Meskipun memiliki kemiripan struktural dengan aksara Nusantara lainnya yang berasal dari India seperti Aksara Pallawa (misalnya Hanacaraka Jawa/Bali), Lontara memiliki kekhasan tersendiri. Salah satu perbedaan paling signifikan adalah pada sistem pemotongan kata (spasi antar kata). Dalam naskah tradisional Lontara, seringkali tidak ada pemisahan eksplisit antar kata, sehingga pembacaan membutuhkan pemahaman kontekstual yang mendalam terhadap teks dan seringkali hanya mengandalkan jeda alamiah dalam kalimat.
Selain itu, terdapat beberapa perbedaan dalam representasi bunyi. Misalnya, Lontara membedakan antara konsonan yang dihasilkan dari pangkal lidah, tengah lidah, dan ujung lidah, yang mungkin tidak selalu tampak jelas dalam transliterasi Latin. Ini menunjukkan tingkat kerumitan fonologis yang direkam oleh sistem ejaan ini.
Di masa modern, penggunaan Lontara semakin terdesak oleh aksara Latin yang lebih universal dan efisien untuk kebutuhan administrasi dan komunikasi massa. Namun, upaya pelestarian terus dilakukan oleh berbagai pihak, terutama akademisi, budayawan, dan komunitas adat. Mereka berupaya mendigitalkan naskah-naskah kuno dan mengajarkannya di sekolah-sekolah lokal sebagai bagian dari mata pelajaran muatan lokal.
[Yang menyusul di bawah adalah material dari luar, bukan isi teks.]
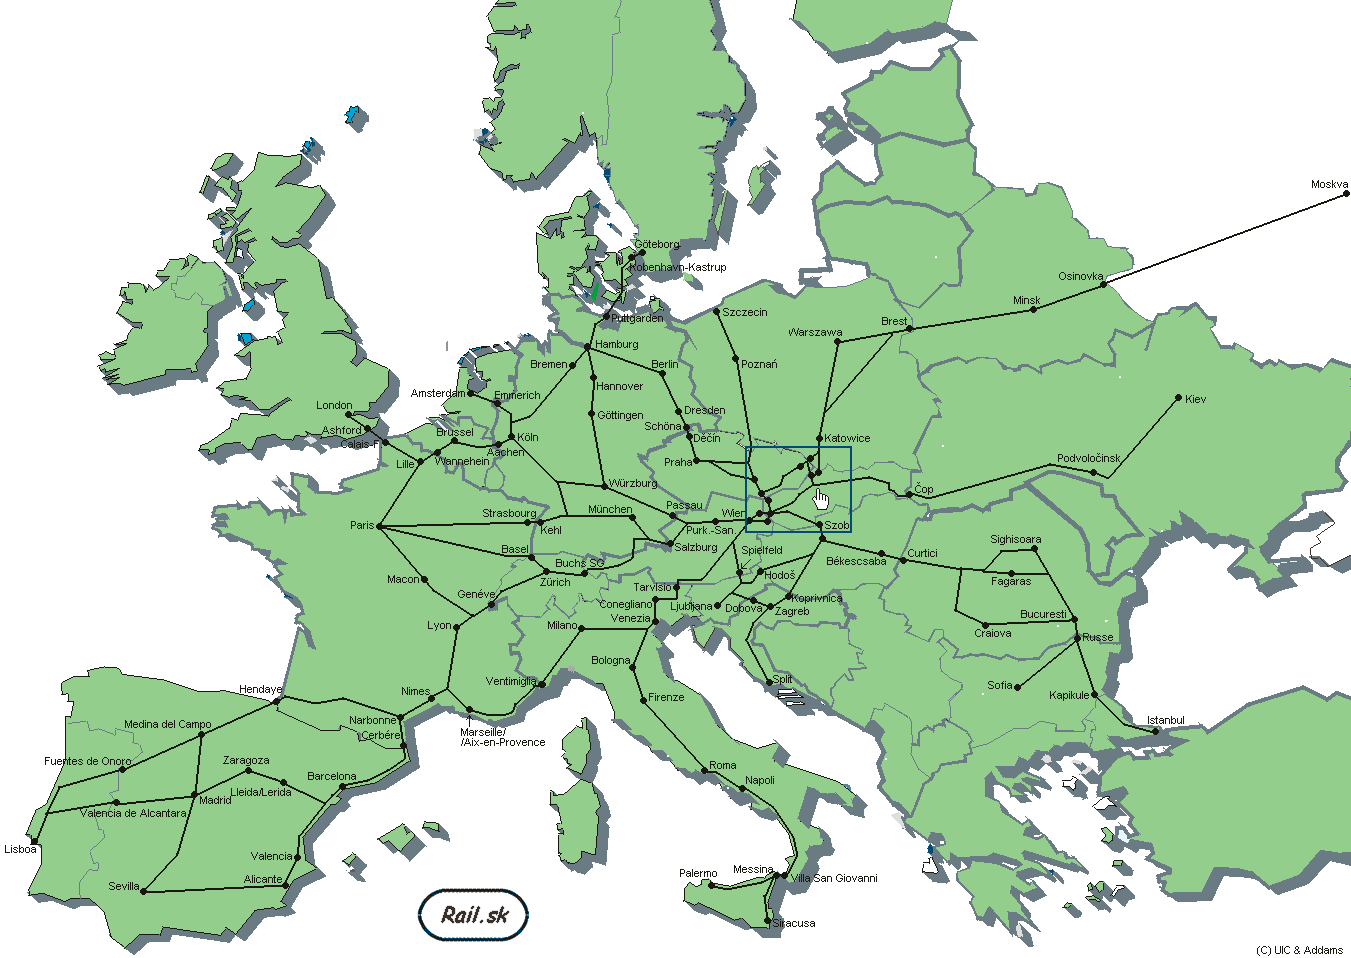 Mapa najastejie pouvanch trs pri cestovan do vch miest Eurpy

Mempelajari Ejaan Lontara Bugis bukan sekadar mempelajari bentuk huruf kuno. Ini adalah upaya untuk memahami cara pandang leluhur Bugis dalam merekam dunia mereka—sebuah jendela yang terbuka menuju kearifan lokal yang terukir di atas daun yang rapuh namun abadi. Pelestarian aksara ini adalah kunci untuk menjaga identitas budaya yang unik di tengah arus globalisasi.